▸ WHAT IS EXPECTED:
Retype, word for word, every line from the one holding "Buy David Jones" through the one holding "Un vendeur de" in the entries below, both included, and only those lines.

▸ RECORDS TO PROCESS:
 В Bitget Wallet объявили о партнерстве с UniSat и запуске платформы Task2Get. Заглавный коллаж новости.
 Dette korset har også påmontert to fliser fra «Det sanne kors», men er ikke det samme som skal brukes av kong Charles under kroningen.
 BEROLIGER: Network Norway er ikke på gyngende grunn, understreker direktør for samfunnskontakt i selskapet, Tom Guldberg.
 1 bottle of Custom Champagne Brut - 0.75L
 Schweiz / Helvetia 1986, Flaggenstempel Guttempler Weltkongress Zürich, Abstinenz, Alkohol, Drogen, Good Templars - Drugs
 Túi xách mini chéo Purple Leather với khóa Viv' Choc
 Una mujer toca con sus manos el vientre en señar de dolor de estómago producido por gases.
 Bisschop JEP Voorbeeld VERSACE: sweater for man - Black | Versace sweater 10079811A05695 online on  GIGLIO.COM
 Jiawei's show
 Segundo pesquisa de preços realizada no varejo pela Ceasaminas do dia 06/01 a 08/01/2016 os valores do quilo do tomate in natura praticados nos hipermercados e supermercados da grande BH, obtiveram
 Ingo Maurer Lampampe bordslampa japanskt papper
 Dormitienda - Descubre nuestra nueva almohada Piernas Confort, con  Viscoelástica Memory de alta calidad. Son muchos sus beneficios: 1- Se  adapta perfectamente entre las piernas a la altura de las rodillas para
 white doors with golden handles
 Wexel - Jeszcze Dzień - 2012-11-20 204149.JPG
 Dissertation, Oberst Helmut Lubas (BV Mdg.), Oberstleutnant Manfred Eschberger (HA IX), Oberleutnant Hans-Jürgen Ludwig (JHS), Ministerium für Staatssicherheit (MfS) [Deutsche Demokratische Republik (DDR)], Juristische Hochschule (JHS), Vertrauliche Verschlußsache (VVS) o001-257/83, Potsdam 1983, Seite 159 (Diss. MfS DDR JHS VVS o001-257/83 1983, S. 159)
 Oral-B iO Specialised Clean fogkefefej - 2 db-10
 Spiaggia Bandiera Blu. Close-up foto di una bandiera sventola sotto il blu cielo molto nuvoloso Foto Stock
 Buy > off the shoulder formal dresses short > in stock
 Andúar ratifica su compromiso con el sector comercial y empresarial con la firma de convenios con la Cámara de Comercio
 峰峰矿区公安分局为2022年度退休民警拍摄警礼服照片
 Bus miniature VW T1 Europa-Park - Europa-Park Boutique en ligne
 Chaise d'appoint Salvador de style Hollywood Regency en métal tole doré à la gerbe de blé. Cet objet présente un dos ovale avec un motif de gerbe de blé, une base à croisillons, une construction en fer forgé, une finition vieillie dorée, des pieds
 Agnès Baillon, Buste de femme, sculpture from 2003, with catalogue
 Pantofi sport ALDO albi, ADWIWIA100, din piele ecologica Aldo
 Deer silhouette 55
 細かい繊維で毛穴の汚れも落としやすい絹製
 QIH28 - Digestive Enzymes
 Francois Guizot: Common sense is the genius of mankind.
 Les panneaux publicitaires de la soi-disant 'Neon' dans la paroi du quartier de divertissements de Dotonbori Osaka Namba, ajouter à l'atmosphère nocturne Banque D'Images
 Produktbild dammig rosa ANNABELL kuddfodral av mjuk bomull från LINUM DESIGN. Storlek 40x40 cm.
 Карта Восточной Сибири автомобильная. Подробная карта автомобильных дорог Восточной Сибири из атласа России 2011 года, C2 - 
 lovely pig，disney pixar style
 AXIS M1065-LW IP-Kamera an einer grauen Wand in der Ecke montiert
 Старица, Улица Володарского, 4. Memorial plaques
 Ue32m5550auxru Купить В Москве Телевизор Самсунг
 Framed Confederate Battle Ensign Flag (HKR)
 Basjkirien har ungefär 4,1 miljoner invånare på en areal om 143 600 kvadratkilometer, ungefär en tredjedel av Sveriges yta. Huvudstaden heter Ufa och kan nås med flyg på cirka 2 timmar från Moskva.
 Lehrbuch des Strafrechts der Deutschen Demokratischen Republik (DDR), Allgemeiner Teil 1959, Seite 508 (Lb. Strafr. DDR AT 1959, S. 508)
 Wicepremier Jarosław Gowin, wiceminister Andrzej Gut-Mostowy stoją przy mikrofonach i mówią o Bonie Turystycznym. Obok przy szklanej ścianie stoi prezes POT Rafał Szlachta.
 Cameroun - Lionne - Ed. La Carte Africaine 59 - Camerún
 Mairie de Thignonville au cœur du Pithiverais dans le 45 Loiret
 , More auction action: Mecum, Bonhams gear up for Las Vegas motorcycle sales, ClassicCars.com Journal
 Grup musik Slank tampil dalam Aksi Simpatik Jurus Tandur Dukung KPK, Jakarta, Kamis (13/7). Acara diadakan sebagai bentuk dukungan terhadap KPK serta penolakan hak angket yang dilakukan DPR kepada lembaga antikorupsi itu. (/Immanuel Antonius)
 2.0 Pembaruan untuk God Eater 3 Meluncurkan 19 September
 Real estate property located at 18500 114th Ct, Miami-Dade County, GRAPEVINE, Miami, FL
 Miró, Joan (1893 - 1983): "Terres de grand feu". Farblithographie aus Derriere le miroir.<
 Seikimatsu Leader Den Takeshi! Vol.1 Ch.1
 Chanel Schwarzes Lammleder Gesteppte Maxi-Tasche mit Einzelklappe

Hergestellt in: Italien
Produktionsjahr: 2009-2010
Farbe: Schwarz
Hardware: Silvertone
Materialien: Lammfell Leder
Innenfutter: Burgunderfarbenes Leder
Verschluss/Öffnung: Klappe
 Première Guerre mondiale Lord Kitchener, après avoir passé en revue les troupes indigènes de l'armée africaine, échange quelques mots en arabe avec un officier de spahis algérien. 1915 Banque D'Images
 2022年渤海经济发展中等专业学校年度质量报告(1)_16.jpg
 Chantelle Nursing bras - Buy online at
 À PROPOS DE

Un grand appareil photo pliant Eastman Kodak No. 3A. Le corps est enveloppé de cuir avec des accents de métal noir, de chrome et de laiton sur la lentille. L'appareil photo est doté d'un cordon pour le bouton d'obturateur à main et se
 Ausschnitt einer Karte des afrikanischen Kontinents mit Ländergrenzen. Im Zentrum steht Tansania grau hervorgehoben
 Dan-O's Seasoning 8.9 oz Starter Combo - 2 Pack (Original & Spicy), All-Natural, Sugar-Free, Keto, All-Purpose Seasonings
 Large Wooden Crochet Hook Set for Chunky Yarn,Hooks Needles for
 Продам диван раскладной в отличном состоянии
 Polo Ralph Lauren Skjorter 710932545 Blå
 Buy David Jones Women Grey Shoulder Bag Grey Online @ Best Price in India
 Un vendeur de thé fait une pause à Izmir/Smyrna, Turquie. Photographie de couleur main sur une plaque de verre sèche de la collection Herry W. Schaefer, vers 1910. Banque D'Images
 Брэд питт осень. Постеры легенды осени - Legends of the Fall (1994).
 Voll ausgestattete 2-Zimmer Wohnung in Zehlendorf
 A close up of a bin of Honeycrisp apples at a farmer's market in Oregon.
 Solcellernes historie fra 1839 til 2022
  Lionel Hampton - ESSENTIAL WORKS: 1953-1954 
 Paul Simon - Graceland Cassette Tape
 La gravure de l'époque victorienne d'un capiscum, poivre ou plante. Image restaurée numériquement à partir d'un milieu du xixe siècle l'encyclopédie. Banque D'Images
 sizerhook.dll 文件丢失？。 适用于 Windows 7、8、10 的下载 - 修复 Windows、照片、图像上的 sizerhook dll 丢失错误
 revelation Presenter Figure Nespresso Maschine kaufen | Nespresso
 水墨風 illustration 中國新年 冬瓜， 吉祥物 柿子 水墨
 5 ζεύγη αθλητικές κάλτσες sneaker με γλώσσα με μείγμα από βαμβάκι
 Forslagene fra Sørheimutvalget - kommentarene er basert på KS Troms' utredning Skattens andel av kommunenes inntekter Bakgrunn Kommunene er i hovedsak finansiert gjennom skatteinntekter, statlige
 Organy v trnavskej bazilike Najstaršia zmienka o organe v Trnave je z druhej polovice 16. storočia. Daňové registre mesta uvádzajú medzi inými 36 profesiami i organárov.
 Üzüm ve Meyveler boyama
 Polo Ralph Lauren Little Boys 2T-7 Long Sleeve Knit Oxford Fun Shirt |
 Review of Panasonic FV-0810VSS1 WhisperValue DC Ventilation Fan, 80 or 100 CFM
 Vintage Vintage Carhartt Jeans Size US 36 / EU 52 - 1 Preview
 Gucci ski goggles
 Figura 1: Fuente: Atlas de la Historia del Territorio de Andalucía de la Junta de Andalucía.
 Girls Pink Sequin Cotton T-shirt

▸ ANSWER:
 Buy David Jones Women Grey Shoulder Bag Grey Online @ Best Price in India
 Un vendeur de thé fait une pause à Izmir/Smyrna, Turquie. Photographie de couleur main sur une plaque de verre sèche de la collection Herry W. Schaefer, vers 1910. Banque D'Images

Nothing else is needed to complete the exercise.